Every line of the listing below should be written out exactly, minus its pictures.

» DATA
---+---
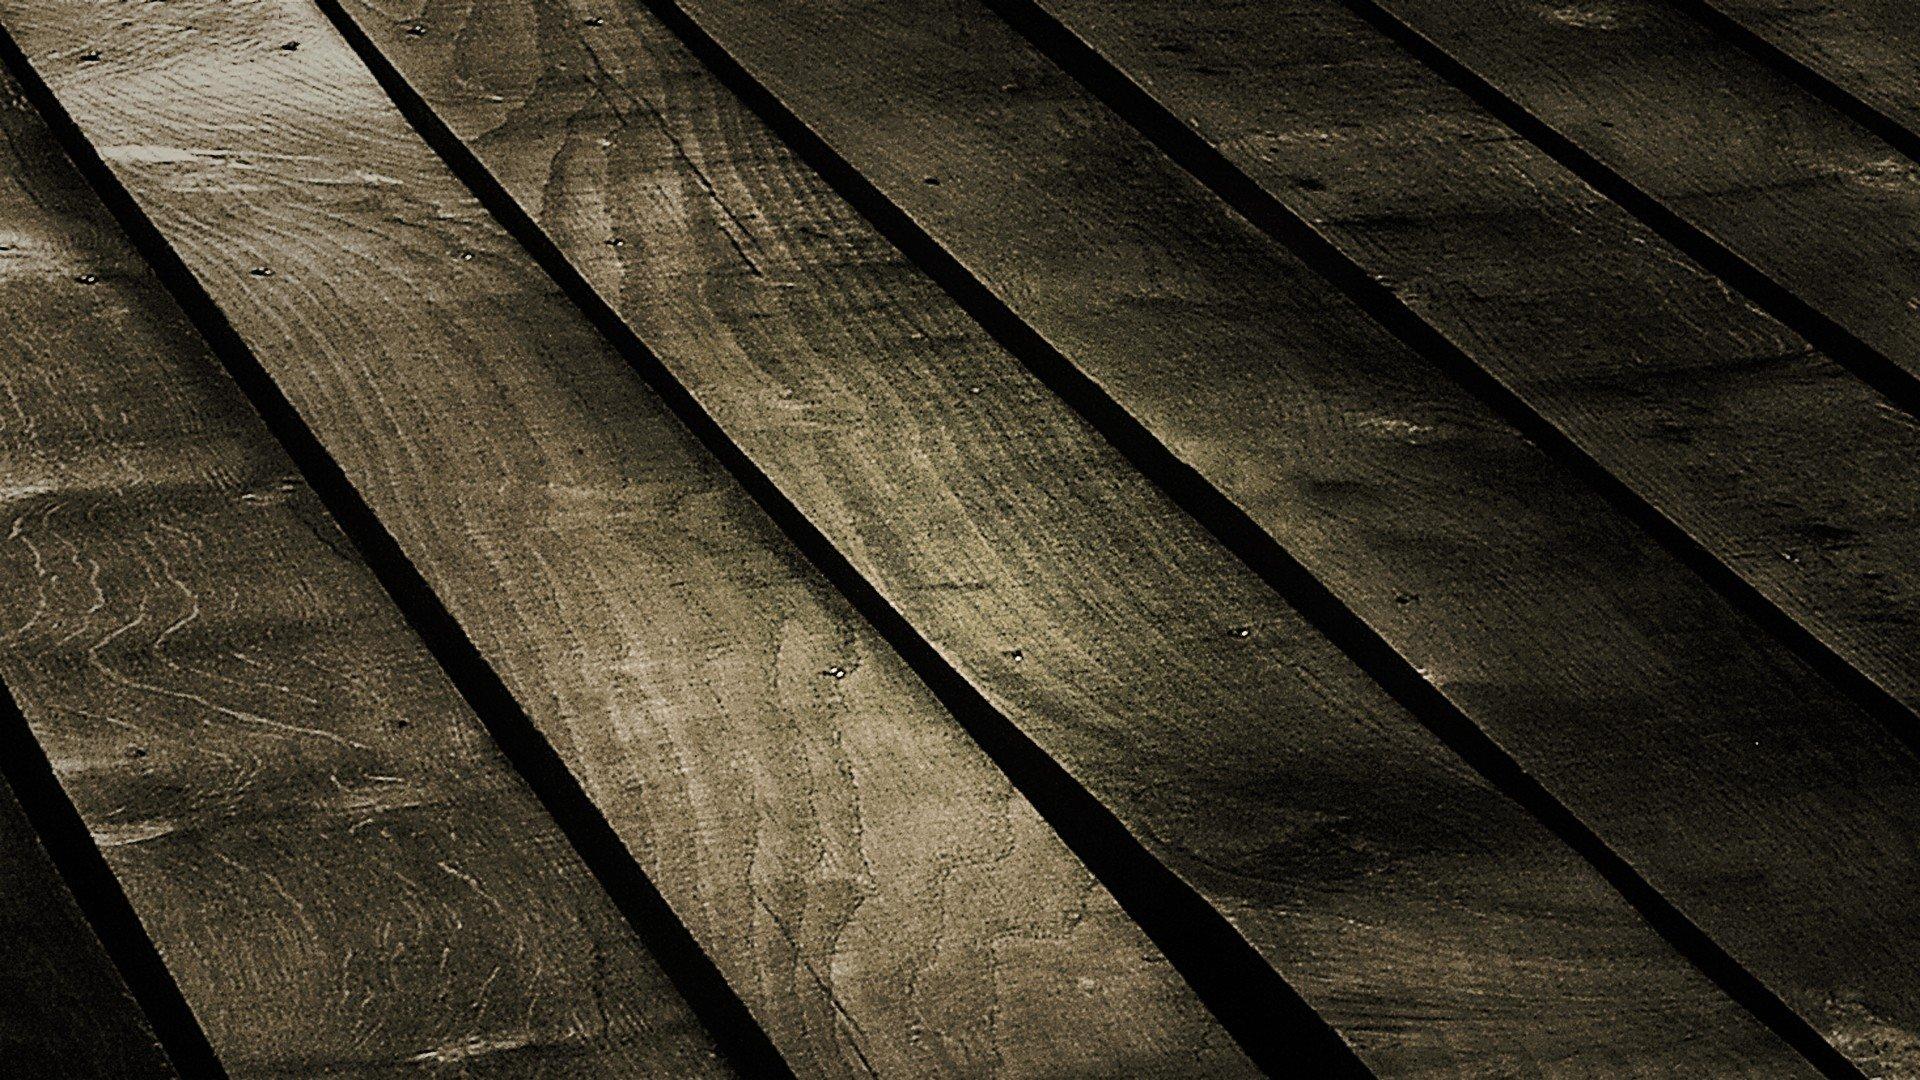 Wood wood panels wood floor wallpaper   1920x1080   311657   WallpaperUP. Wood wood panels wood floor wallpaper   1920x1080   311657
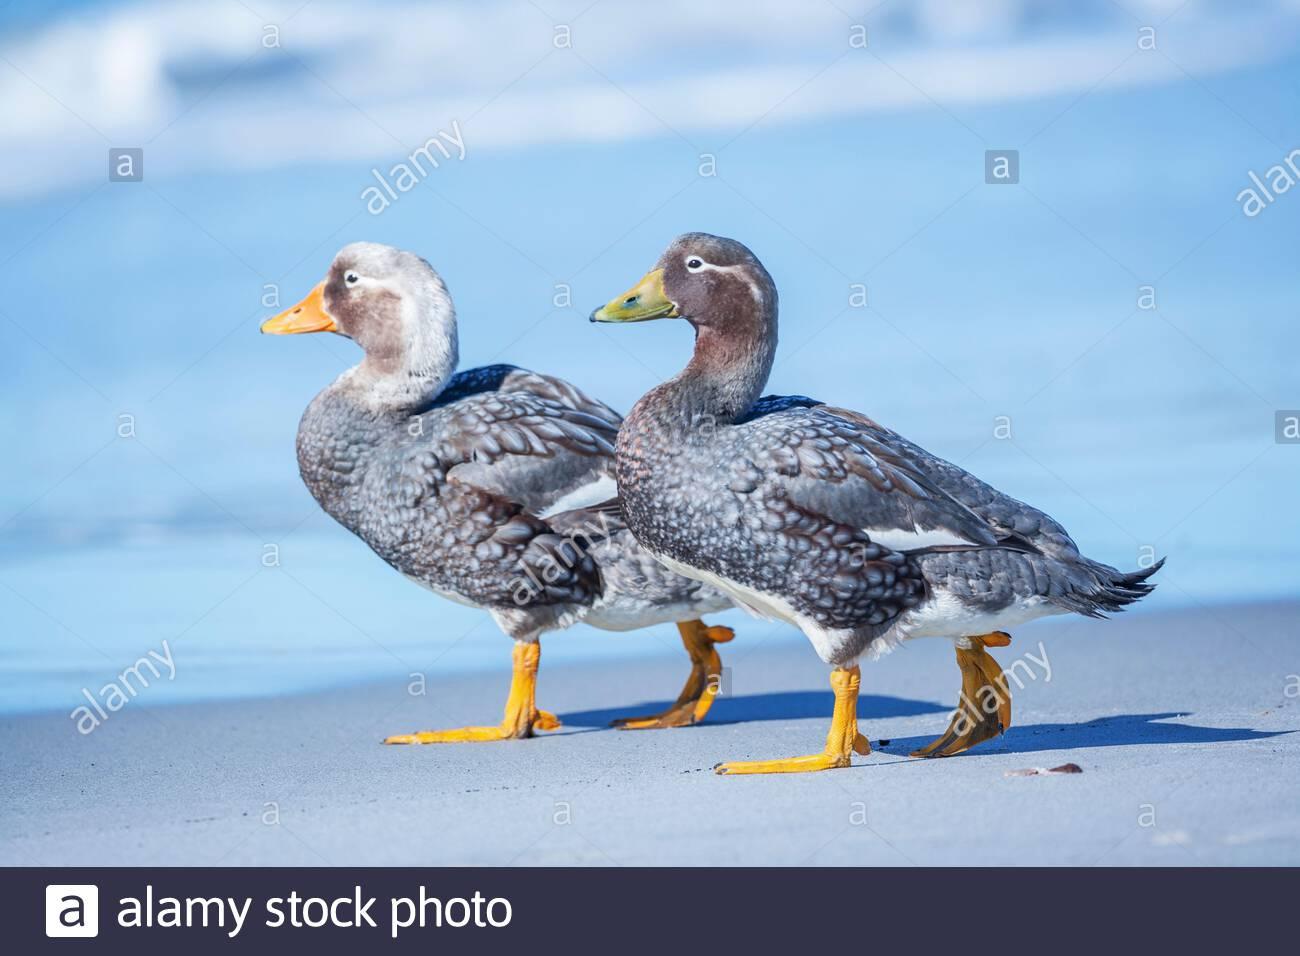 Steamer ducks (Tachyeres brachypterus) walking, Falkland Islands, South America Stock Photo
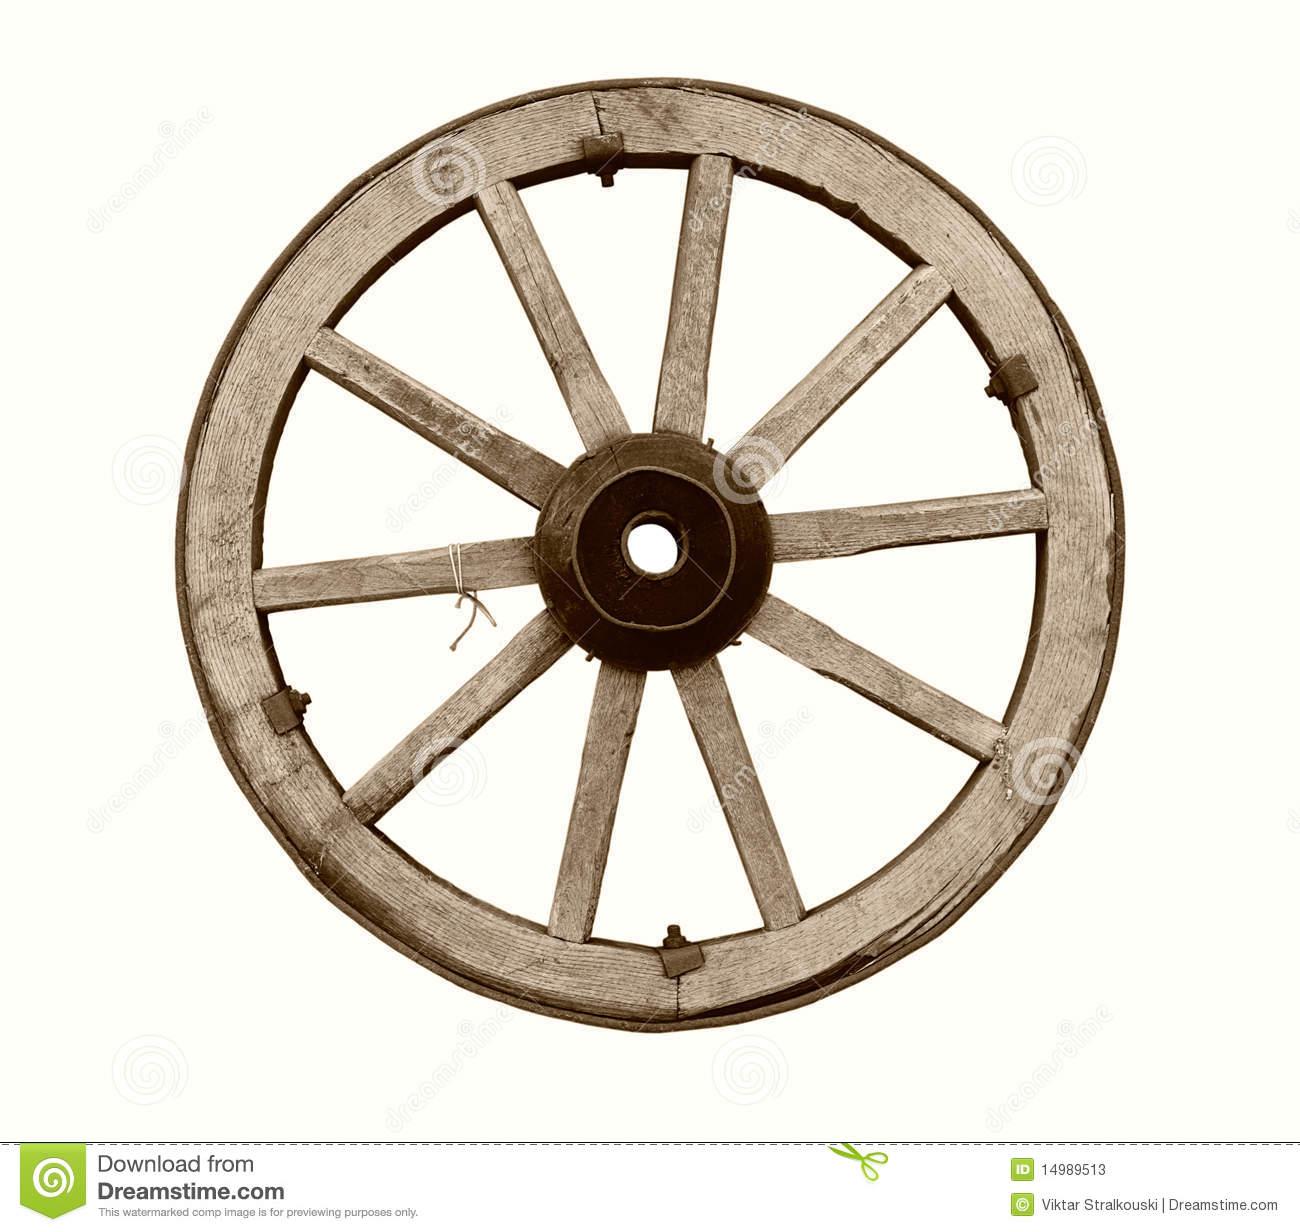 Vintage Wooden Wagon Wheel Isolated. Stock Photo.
---+---
» ANSWER TO THIS TASK
 Wood wood panels wood floor wallpaper   1920x1080   311657   WallpaperUP. Wood wood panels wood floor wallpaper   1920x1080   311657
 Steamer ducks (Tachyeres brachypterus) walking, Falkland Islands, South America Stock Photo
 Vintage Wooden Wagon Wheel Isolated. Stock Photo.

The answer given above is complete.